Pam Reed and Dean Karnazes have evoked an outpouring of emotions like I have never seen on letsrun.com before. It surfaces every time the 'people who run ultras aren't really runners, blah blah blah yak yak yak' theme surfaces, but this round is setting new standards of hatred, scorn, and ignorance. Hatred almost always comes clothed in ignorance.
The hate is based on...
The unfairness of them appearing on national television?
The unfairness of having an autobiography published?
The unfairness of being on a magazine cover?
The unfairness of finding an agent that found a market?
The unfairness of finding a way to juggle life and running--seemingly successfully?
The act of running somewhere other than on a track or carefully certified stretch of paved roadway?
Their failure to be 'real' runners. One standard for being a 'real' runner being a sub-2:40 marathon. Quick, someone run and erase John Kelly's name from all those lists of Boston finishers.

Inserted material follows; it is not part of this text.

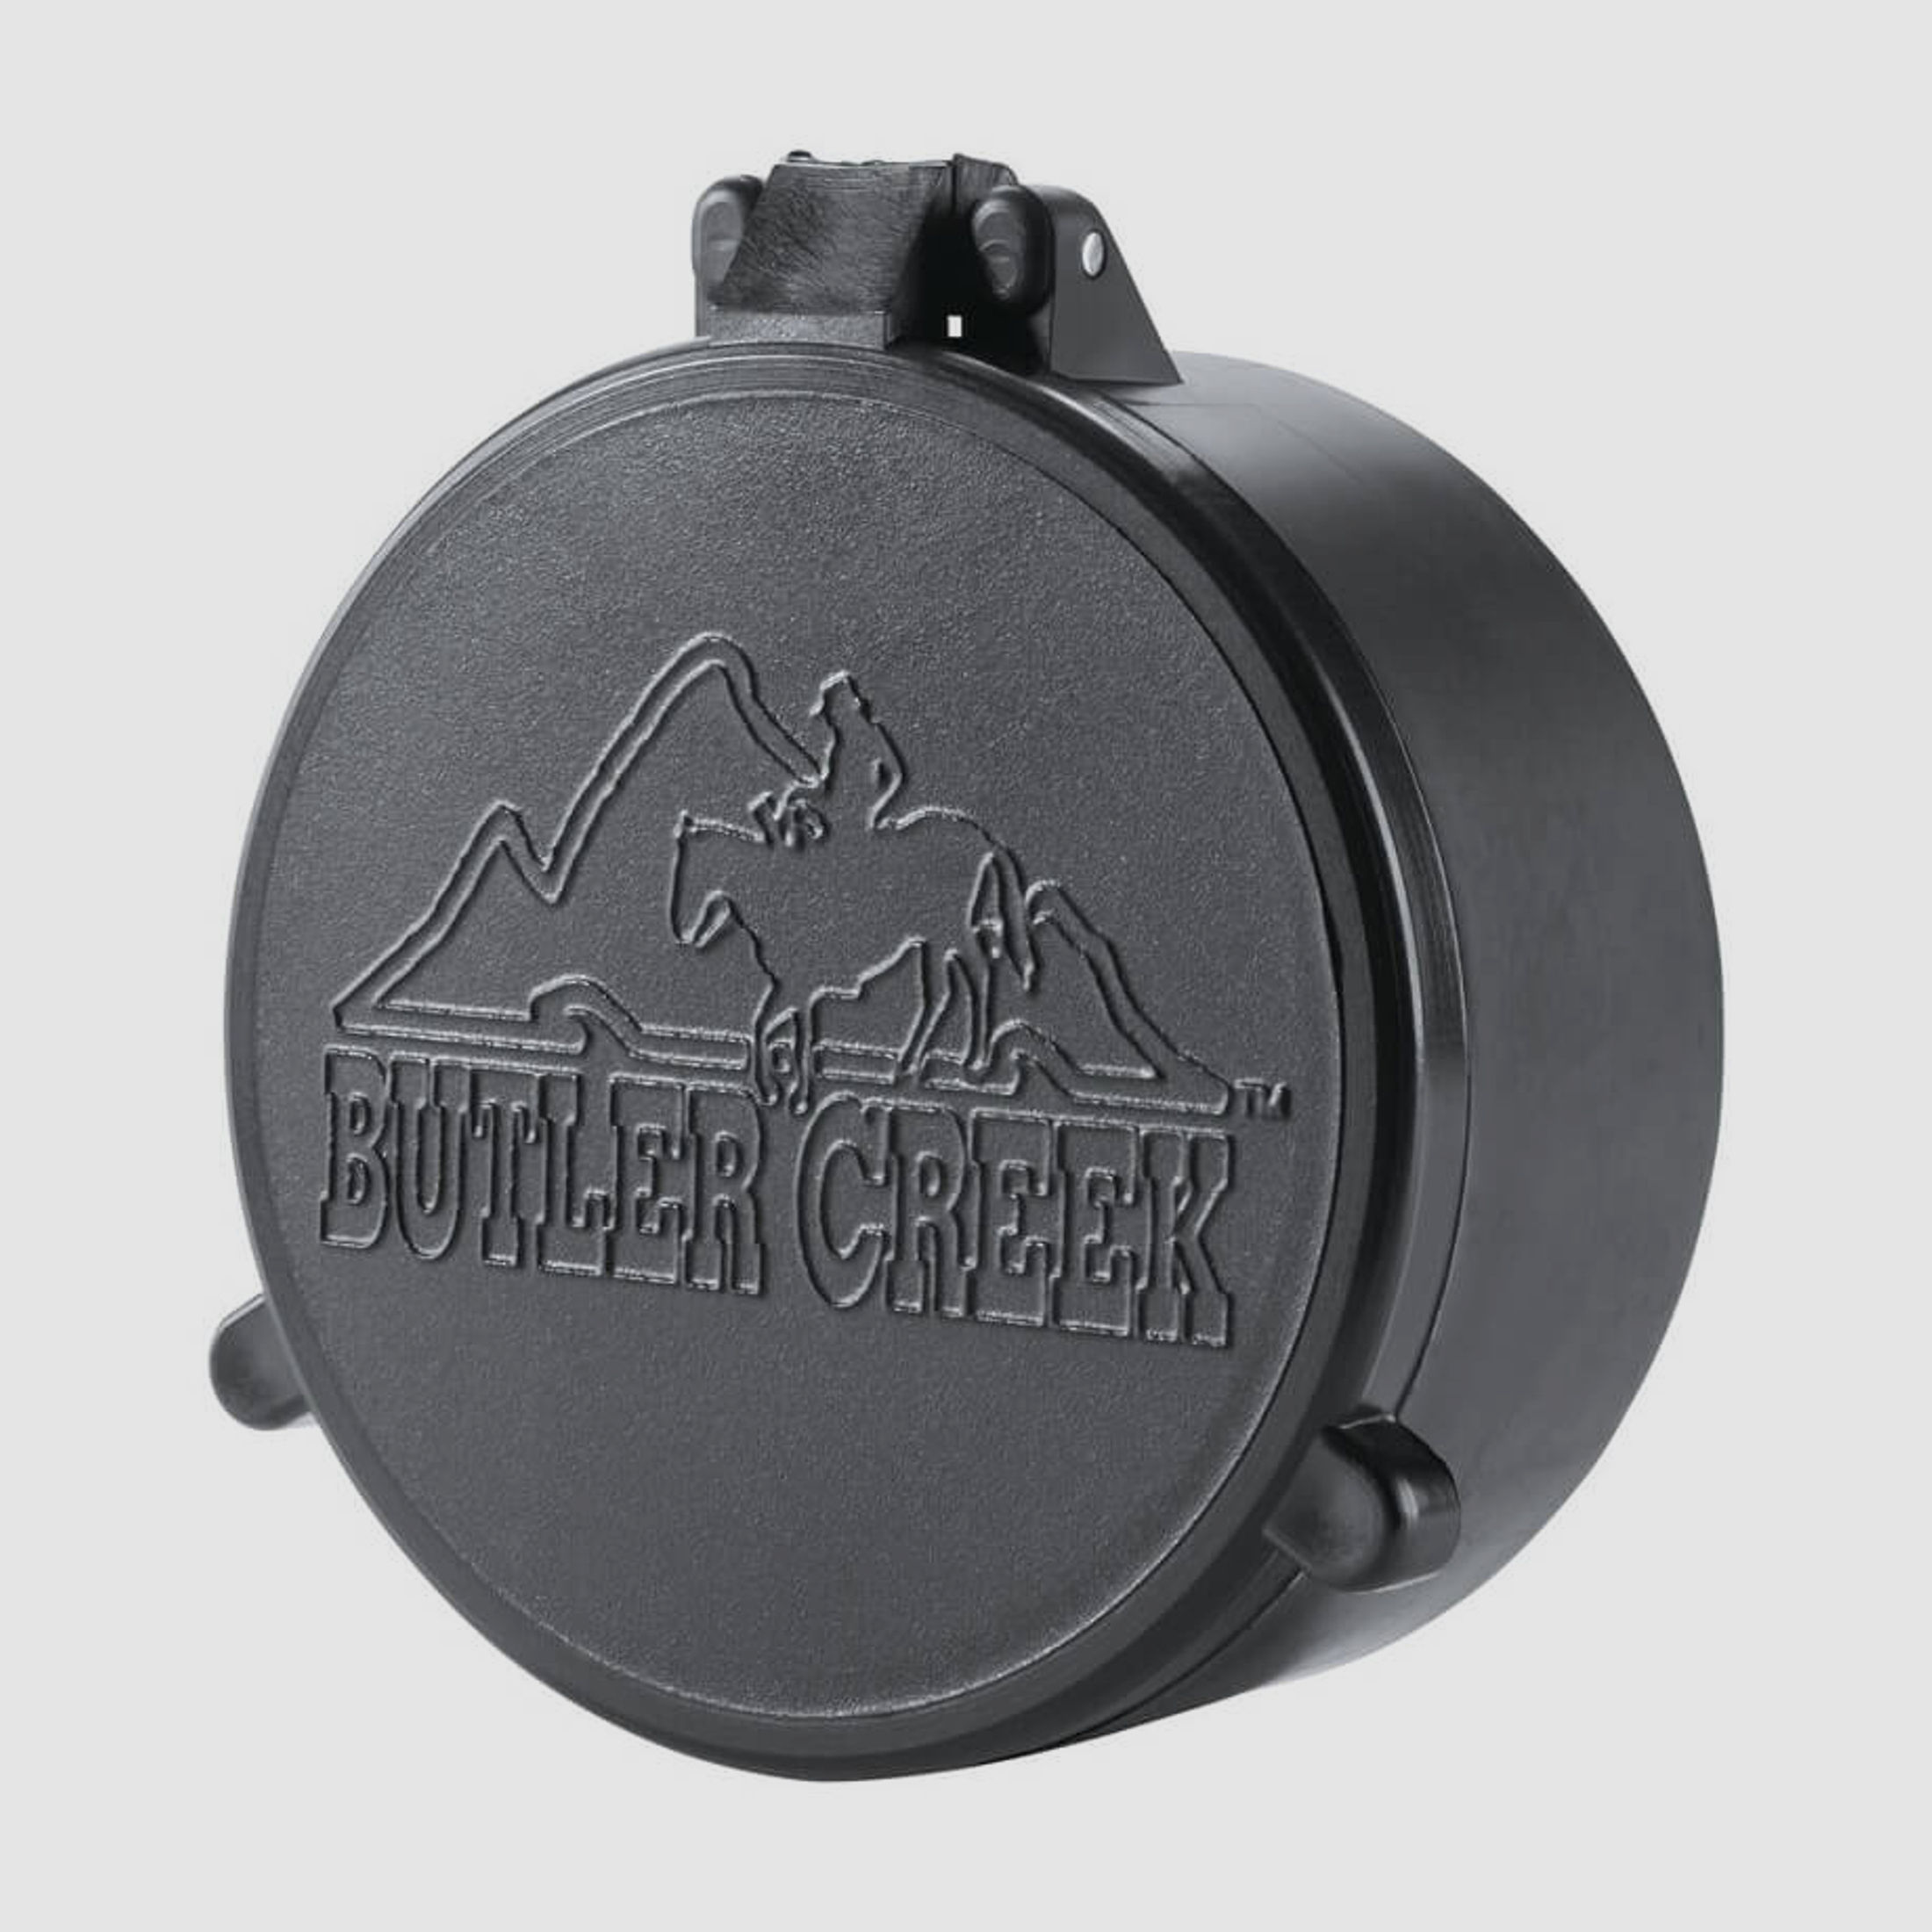 Butler Creek Objektiv Schutzkappe - 50,7mm

Their failure to not run as fast as the 'real' runners on letsrun.com?
Neither of them claims to be the best in the ultra community, but here on letsrun it's as if they have demanded USATF, IAAF, NRA, NASCAR, and USDA sainthood.
They ran for the love of running long before their encounters at Badwater.
Reed represented the U.S. at the 24-hour events--again, not 'real' running. After all, anyone can cover 135 miles in 24 hours, eh? Past their fortieth birthday? Sure, but it is not 'real' running.
They are two people who run in a different venue than what almost all of the letsrun community has any knowledge of--ultras or trails. Maybe that is what draws so much hatred: what gives birth to so many statements born of ignorance. So few on this forum have any idea of what Reed or Karnazes are doing that they just can't relate and aren't going to take the time to learn. Ignorance based hate is much easier.
What they do is related to running in the same way running a marathon is related to running the 110 meter high hurdles. There just is no standard for comparison.
And John Geesler covered the 300-mile part in under 72 hours some months back, just wasn't nonstop, wasn't 'real' running, wasn't...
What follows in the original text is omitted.